# HELP? Song heard in Spirit store



## 90Moneypit (Oct 1, 2018)

I think each store, or at least region manager would decide what they play. I've already 'done the loop' and visited 9 stores in the past couple weeks and while there are a couple stores that followed the playlist, some just had normal radio or personal CD's playing. You're best bet is to just ask the manager, it never hurts to get in good with them anyways. I've had a few really good conversations with staff and managers about haunt ideas, which items are on the perpetual return/repair cycle (off the record of course!), and of course when the displays are going to be up for grabs and how to get on the 'call list'. You can also find out which locations have hold over stock from last year if you missed a prop. In general, most of them are Halloween fanatics too with collections that they might buy/sell/trade with other enthusiasts. So asking about the playlist might just open up a whole new branch of contacts along with scratching that earworm. As far as the song you're looking for, I'm guessing it's not Werewolf Bar Mitzva since there isn't a headless horseman in it, otherwise it's the closest I could think of.


----------



## cody1073 (Jan 17, 2018)

The jack 2 pack, sounds like one of the songs from the 2nd half, maybe lol...


----------



## Vater (Oct 10, 2014)

HauntedDiva said:


> I overheard a great song while in Spirit today. I tried to remember as much of the lyrics as I could, however I only recall something to the effect of “the headless horseman, wandering jew, werewolf creatures....”
> Google isn’t helping.
> Where does Spirit get their playlists anyhow?


what style of music was the song? rock? 50's disney? modern, poppy?


----------



## HauntedDiva (Oct 1, 2009)

Modern, a woman singing vocals. Not on the jack pack, i checked.


----------



## creepycrawlies (Sep 24, 2019)

HauntedDiva said:


> I overheard a great song while in Spirit today. I tried to remember as much of the lyrics as I could, however I only recall something to the effect of “the headless horseman, wandering jew, werewolf creatures....”
> Google isn’t helping.
> Where does Spirit get their playlists anyhow?


I know this post is a year old. But the song is called Creepy Crawlies by Scary Bitches. I work for Spirit, when I heard it tonight I ran to the back room to see the name come up on the radio.
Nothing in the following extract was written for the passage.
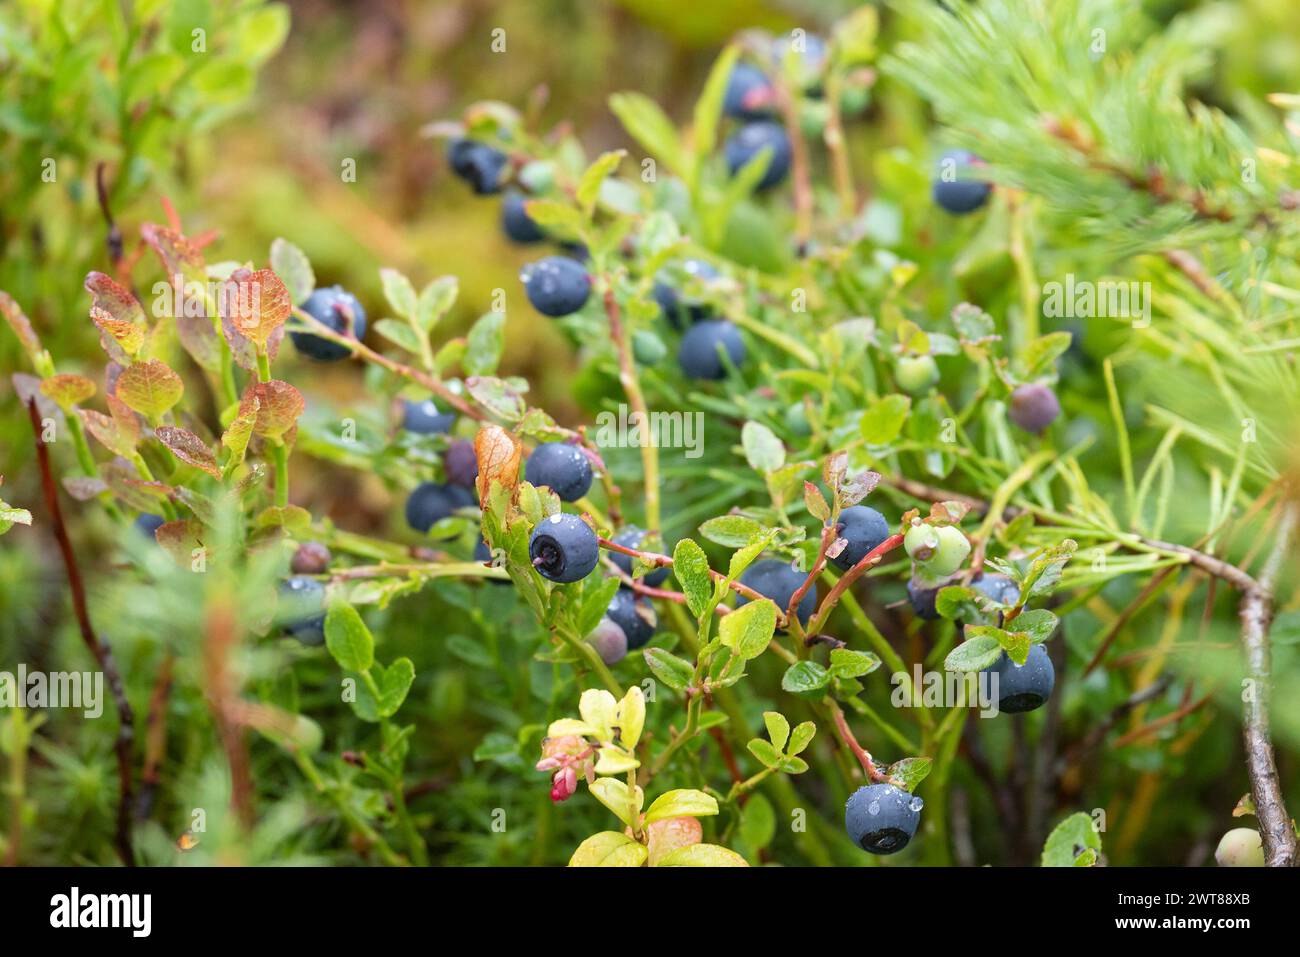 Blueberry bush with ripe berries close up Stock Photo

The song is on youtube.


----------



## I.AM.RAINCOAT (Sep 29, 2019)

Thank you! I hear it everyday and haven't been able to find out who this was.


----------



## TheNightling (Nov 2, 2020)

creepycrawlies said:


> I know this post is a year old. But the song is called Creepy Crawlies by Scary Bitches. I work for Spirit, when I heard it tonight I ran to the back room to see the name come up on the radio. The song is on youtube.
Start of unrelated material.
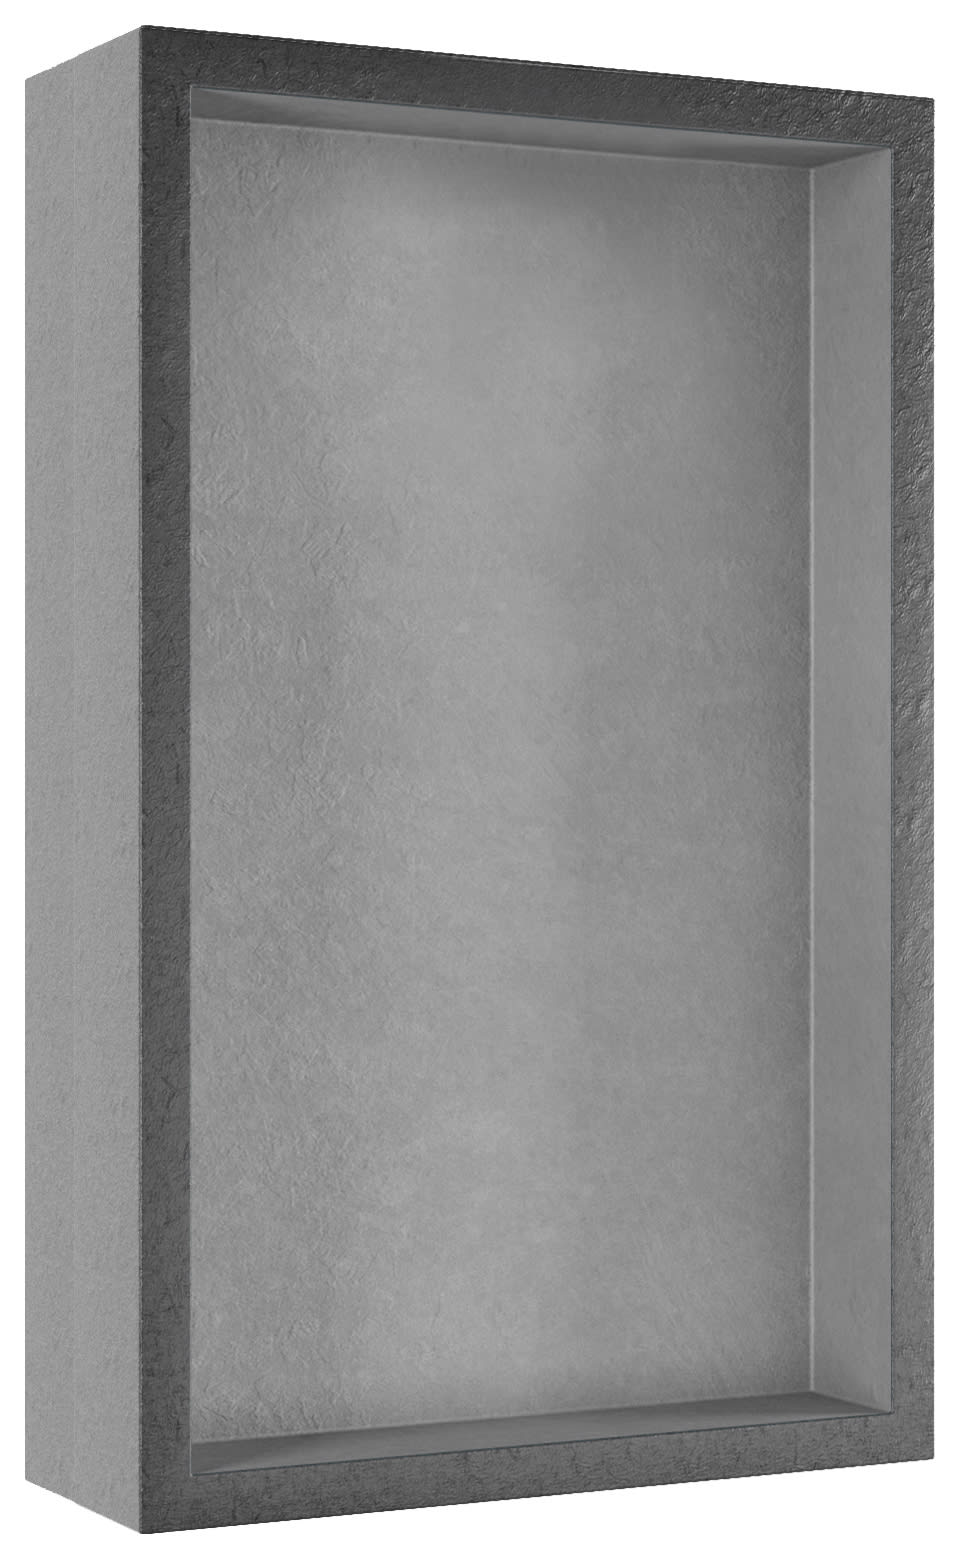 Abacus Pre-finished Metallic Zinc Effect Recessed Bathroom

THANK YOU! I heard this in a Spirit Halloween just yesterday and it was driving me insane! I could only remember "The headless Horseman and the wandering Jew" part.


----------



## willardmail72 (4 mo ago)

HauntedDiva said:


> I overheard a great song while in Spirit today. I tried to remember as much of the lyrics as I could, however I only recall something to the effect of “the headless horseman, wandering jew, werewolf creatures....” Google isn’t helping. Where does Spirit get their playlists anyhow?


 The song is entitled, “Creepy Crawlies” by Scary Bitches. We too heard it and did a lot of research to find it.


----------



## The Skeleton Crew (Aug 2, 2016)

They definitely sound German, remind me of Rammstein.


----------